Finally, after countless forays into humanity’s darkest, brownest hour, we have a post-apocalyptical comedy! Swiss developer Koboldgame’s first commercial release could easily be doubly doomed, an effort in the reportedly dead adventure game genre set in a dying world, but rather than focusing on ailing humans, Journey of a Roach follows those comfortably placed to thrive on the irradiated earth: cockroaches.Jim has been cruelly separated from his friend Bud by a paramilitary ant outfit, so now he must progress, via a haphazard combination of design, luck and calamity, through a series of puzzles to save his friend.
For the most part, puzzles are safe, untaxing examples of conventional knowledge twisted into absurdity. Nothing inspired, and the ambitious moments feel more overcomplicated than clever, but solutions are normally sensible, causing only occasional befuddlement. A lack of distinct partitioning becomes the main challenge to solving them. Repeatedly, an invisible hierarchy dictates that one puzzle must be solved before others without sufficiently indicating where a player’s cluttered inventory should be directed. Adventure games may be designed for torturing them brain cells, but too much undifferentiated visual information and interactive objects led to a lot of futile neurone sparks.
For a genre renowned for the strength of its writing, these roaches surprisingly avoid uttering a single line of dialogue. Instead, characters make their needs known by spouting wonderfully expressive pictures in speech bubbles. Long, expository speeches dropping revealing phrases are replaced by the immediate impact of scribbled drawings. Unfortunately, a great technique to naturally provide feedback is wasted up as there’s little contextual change. Misapplied items or constant faffing around nevertheless produces those same inscrutable floating pictographs. With a better hint system, this would be fine.

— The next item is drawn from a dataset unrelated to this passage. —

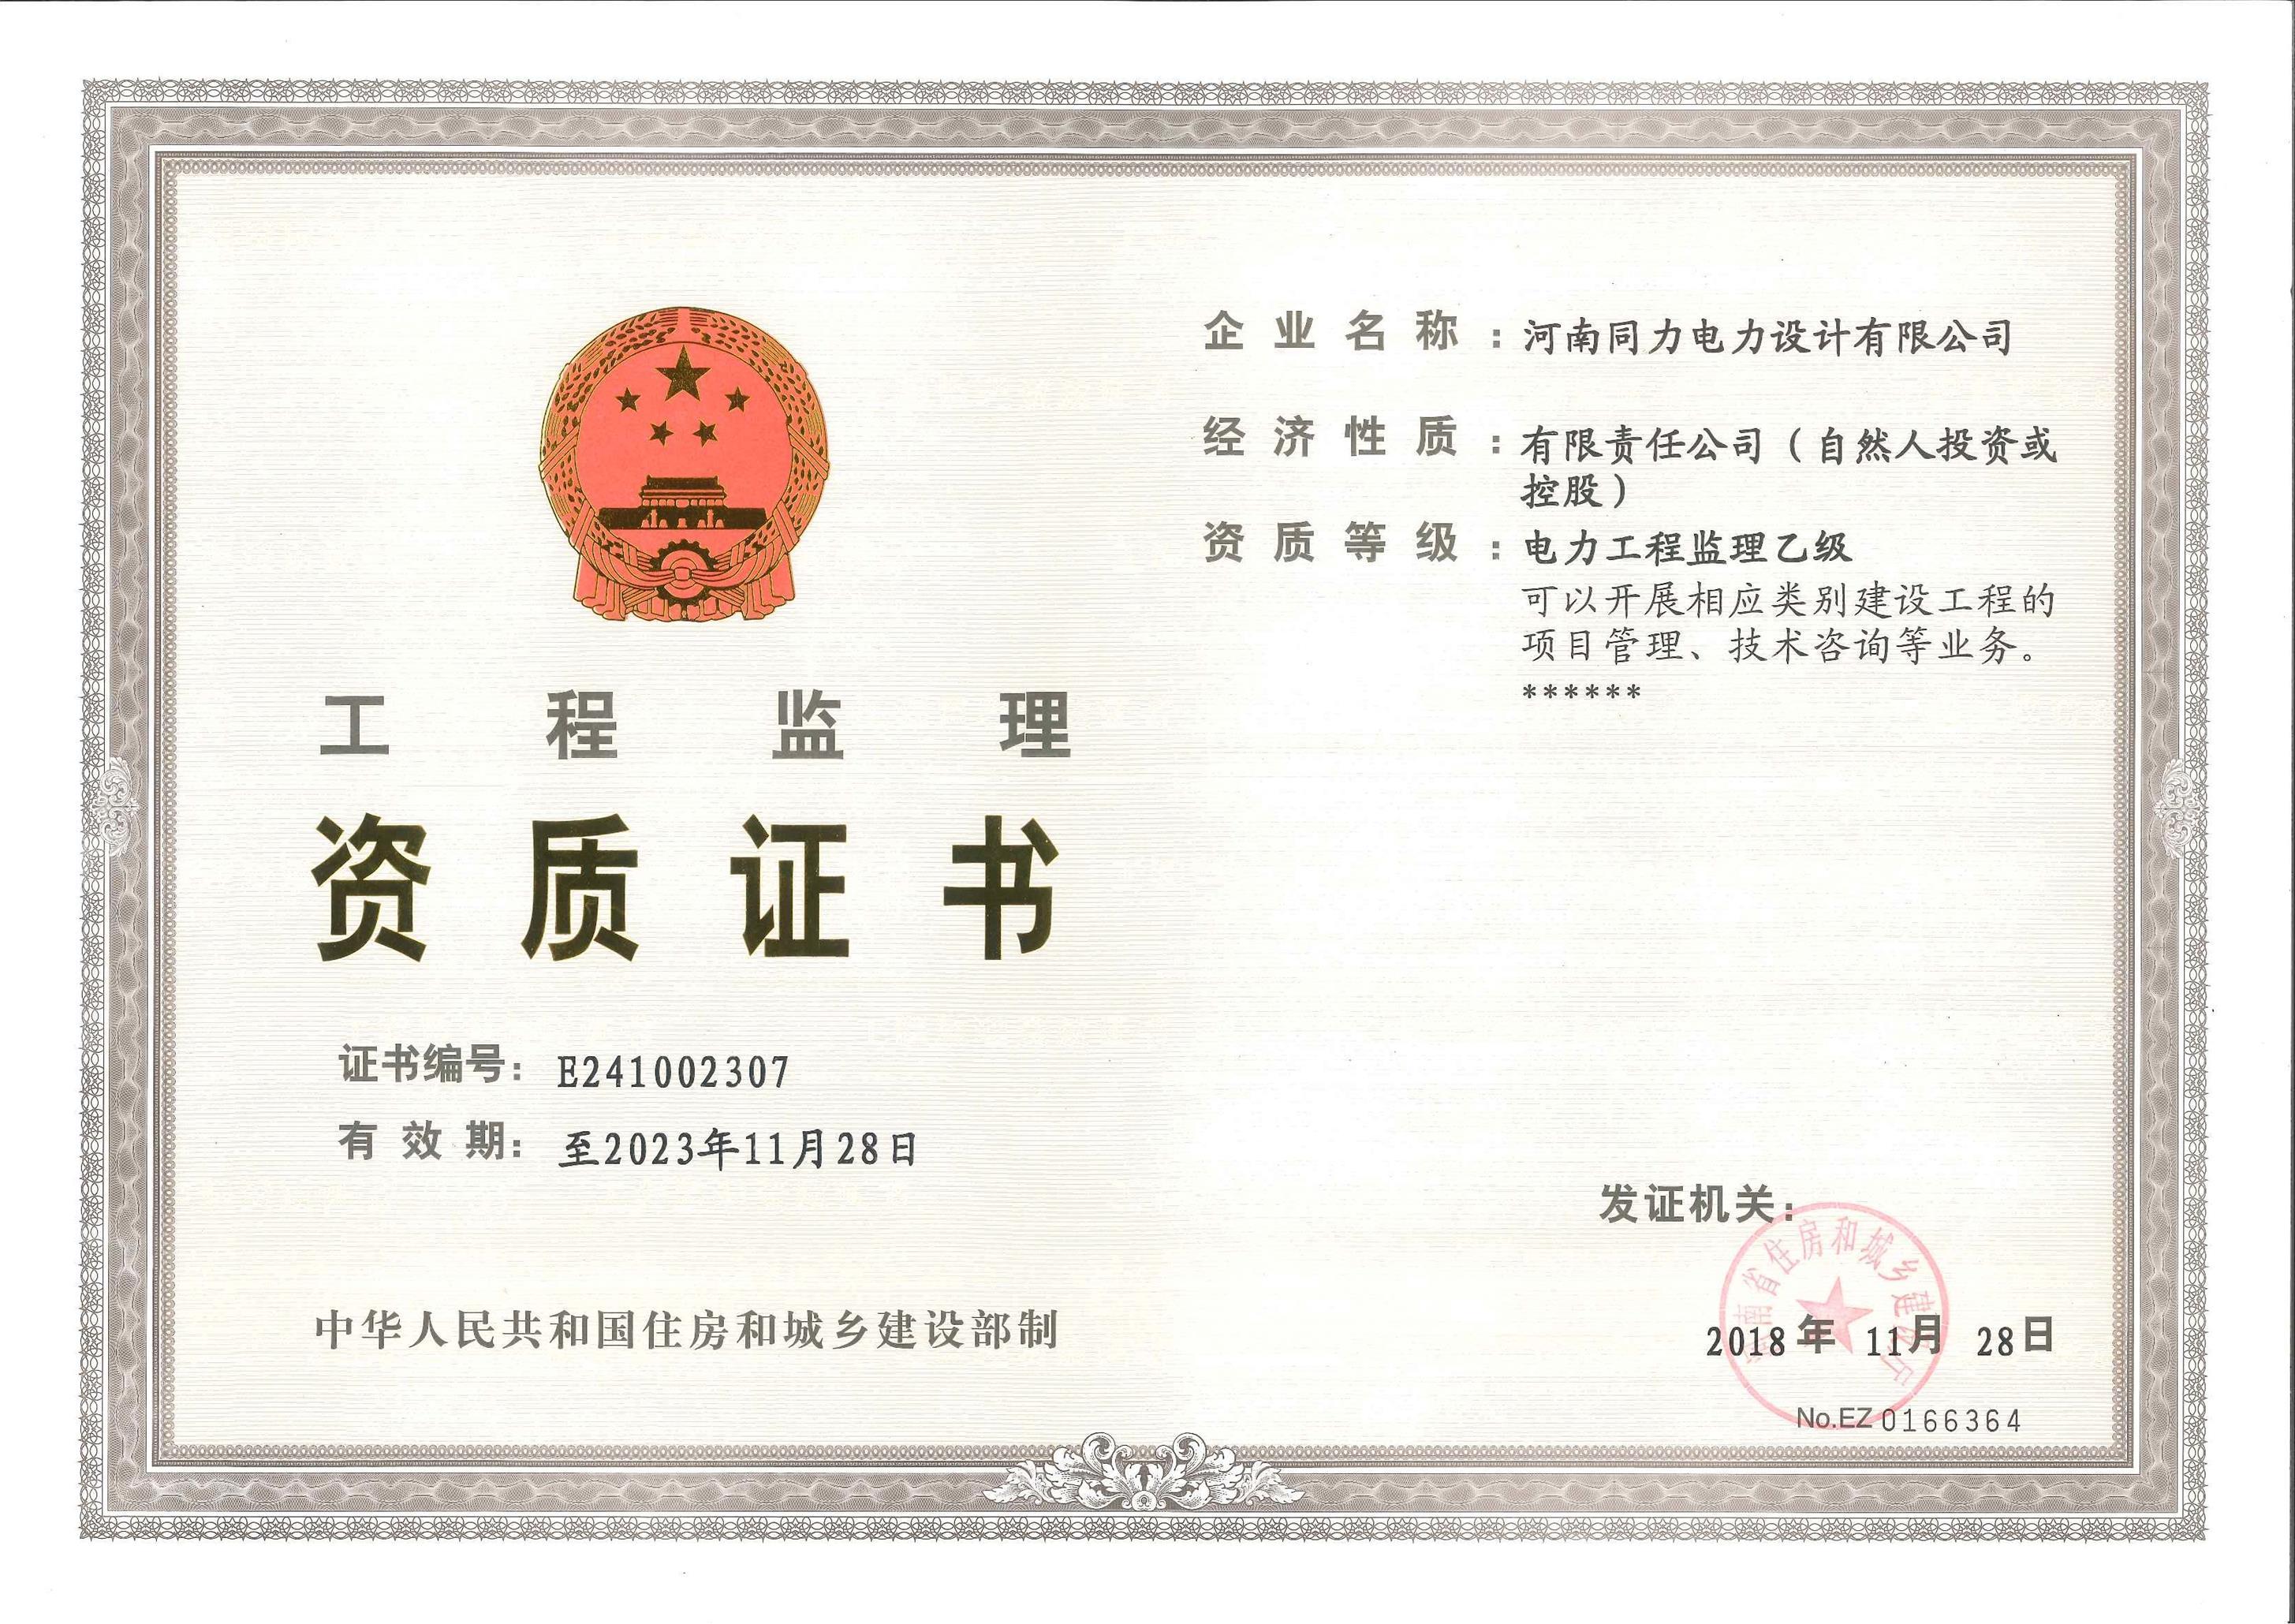 公司取得电力工程监理资质和咨询资信证书

But as the game assists item location instead of providing puzzle hints, what starts as a cute idea becomes a limited tool that doesn’t fully realise its uses.
Without dialogue, visuals take the duty of conveying the character of the cast and their world. Characters like treasure hunting dogs, retired military wasps and maternal spiders are all colourfully drawn and placed in interesting scenarios individually. However, environments have a slightly sterile diorama feel that spoils an otherwise interesting arrangement. Most characters stand still, looping a basic animation sequence, and puzzle outcomes produce a fizzle rather than fireworks, even if occasional hand-drawn cutscenes add some fanfare. Strong character design and level layout just never quite pops.
Environments are square and strangely proportioned, wide with limited depth, presented side-on like an unpleasantly bug-infested doll’s house. While these rooms may feel surprisingly confined at first, Koboldgames ingeniously open up these compact areas by letting Jim crawl up walls and along the ceiling. It’s a nice workaround to expand what would otherwise be cramped environments, although in practice it’s used to ferret away items more often than it’s integrated into puzzles.
Basic usability issues also interfere. For example, items become indistinct black and white icons once they’re in the inventory, with no informative mouseover text. This becomes problematic as the inventory swells, getting so bad that I spent a while thinking a fuel can was an audio cassette –blame my cobwebbed memories of archaic technology. The liberating sensation of climbing walls and ceilings is quickly curtailed by Jim’s habit of getting caught on doorframes and other unintended obstacles too.
Journey of a Roach’s strong ideas loses too many of the conventional adventure game’s strengths without gaining enough from them to compensate. It can’t even retain the strengths of its setting, quickly jettisoning its post-nuclear scene for a standard flavour of cartoon zaniness. Too many basic lessons on how to treat players go unlearnt. Even over its short duration, initially colourful scenarios become sadly static and tired. Journey of a Roach has some promising ideas, but unfortunately struggles to demonstrate them at their best.